PDF Chat is an advanced tool designed to interactively query and analyze the contents of PDF documents using the power of OpenAI's models. It processes PDFs, extracts and indexes their text, and provides an intuitive interface for users to ask questions about the document contents. This application is especially useful for research, legal documents, academic papers, and any other scenario where in-depth document analysis is required.
- Text Extraction and Chunking: Efficiently extracts text from PDFs and splits them into manageable chunks for processing.
- Similarity Search: Utilizes FAISS (Facebook AI Similarity Search) for quick and efficient similarity search on document chunks.

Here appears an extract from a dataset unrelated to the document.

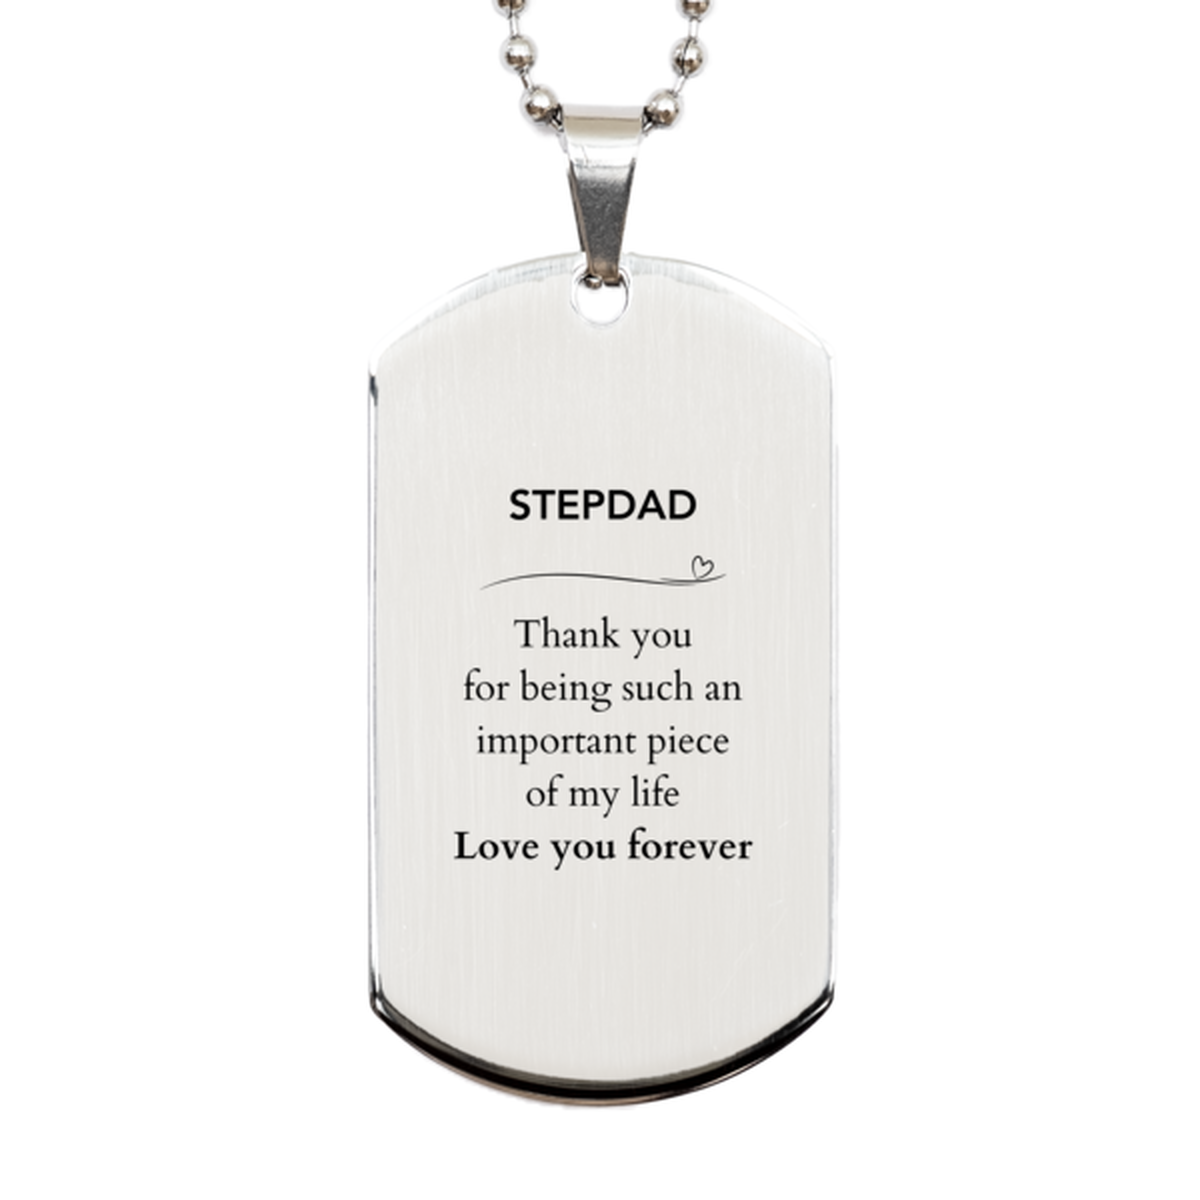 Appropriate Stepdad Silver Dog Tag Epic Birthday Gifts for Stepdad Thank you for being such an important piece of my life Stepdad Christmas Mothers Fathers Day
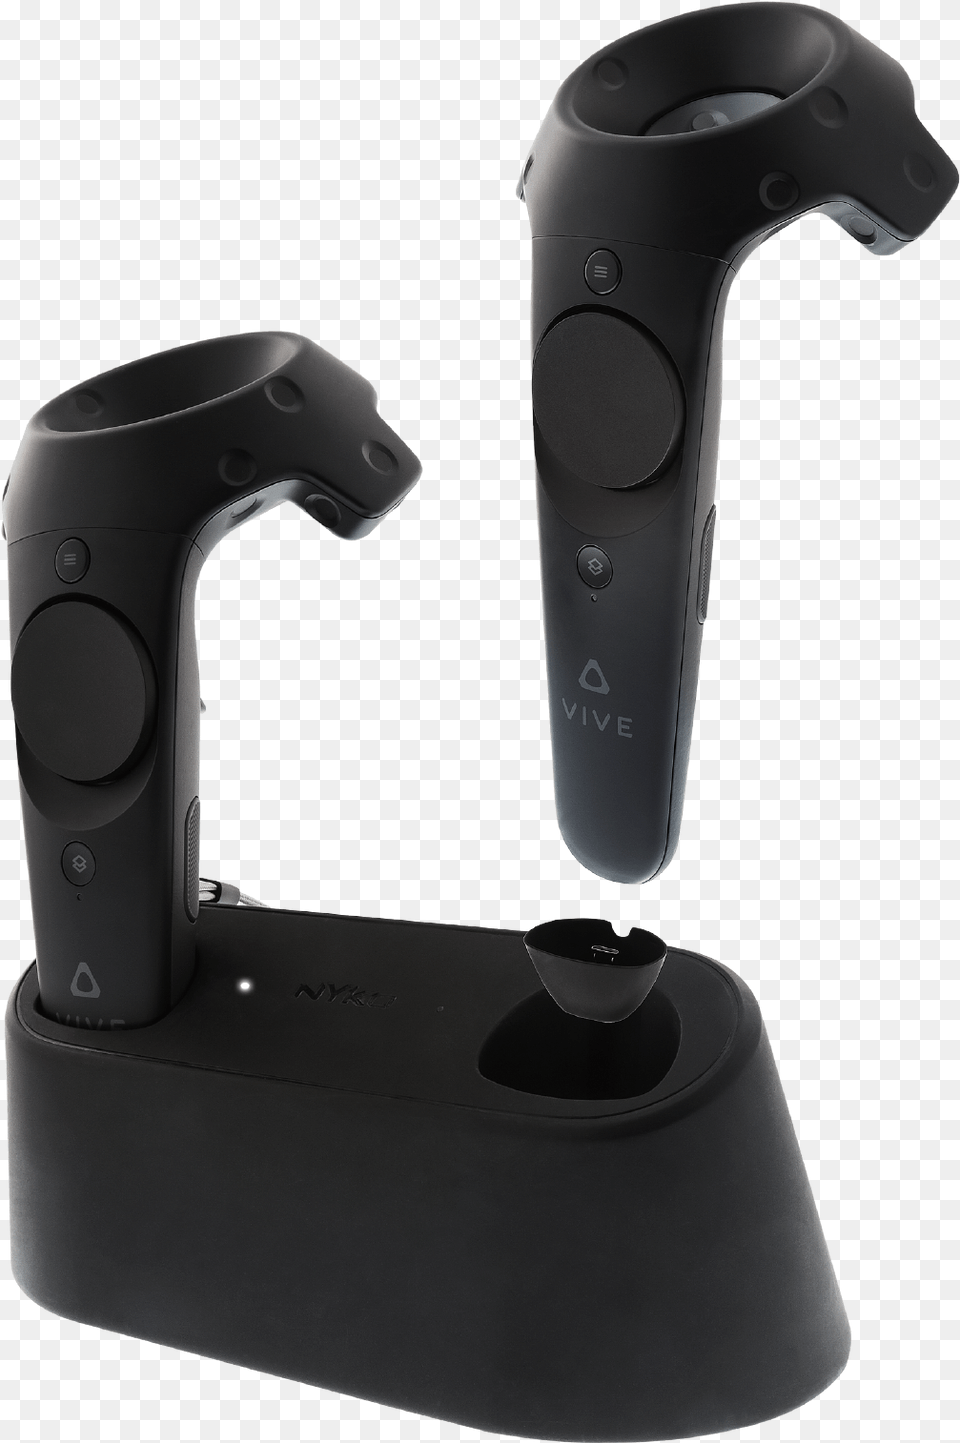 Htc Vive Charge Base Playstation Vr Accessories, Electronics, Joystick Png

- AI-Powered Querying: Integrates with OpenAI's GPT-3.5-Turbo, GPT-4o, GPT-4-Turbo models to provide accurate and context-aware answers to user queries based on the document content.
- User-Friendly Interface: Leverages Gradio to offer a clean and easy-to-use web interface for interacting with the system.
- Settings Management: Supports loading and saving configuration settings, including the OpenAI API key and model preferences.
- History and Visualization: Maintains a history of questions and answers, and generates word clouds from the question history to visualize frequently asked topics.
-
Clone the Repository:
git clone https://github.com/ethan-haas/PDFChat.git cd PDFChat -
Install Dependencies:
pip install -r requirements.txt
-
Run the Application:
python PDFChat.py
-
Open the Web Interface:
- The web interface will automatically open in your default browser. If not, open http://127.0.0.1:7860.
-
Upload PDF Files:
- Use the "Home" tab to upload PDF files.
- Once uploaded, you can ask questions about their contents.
-
Query PDF Files:
- Enter your question in the input box and click "Ask".
- The answer will be displayed below.
-
Manage Settings:
- Use the "Settings" tab to change the model, chunk size, prompts, and API key.
- Click "Save Settings" to apply changes.
-
View and Export Query History:
- Use the "Question History" tab to view past queries and their answers.
- Export history to a CSV file or clear the history as needed.
-
Generate Word Cloud:
- Use the "Visualization" tab to generate a word cloud of the query history.
PDFSearcher.py: Main script to run the application.settings.json: Configuration file for settings.qa_history.db: SQLite database for storing query history.requirements.txt: List of required Python packages.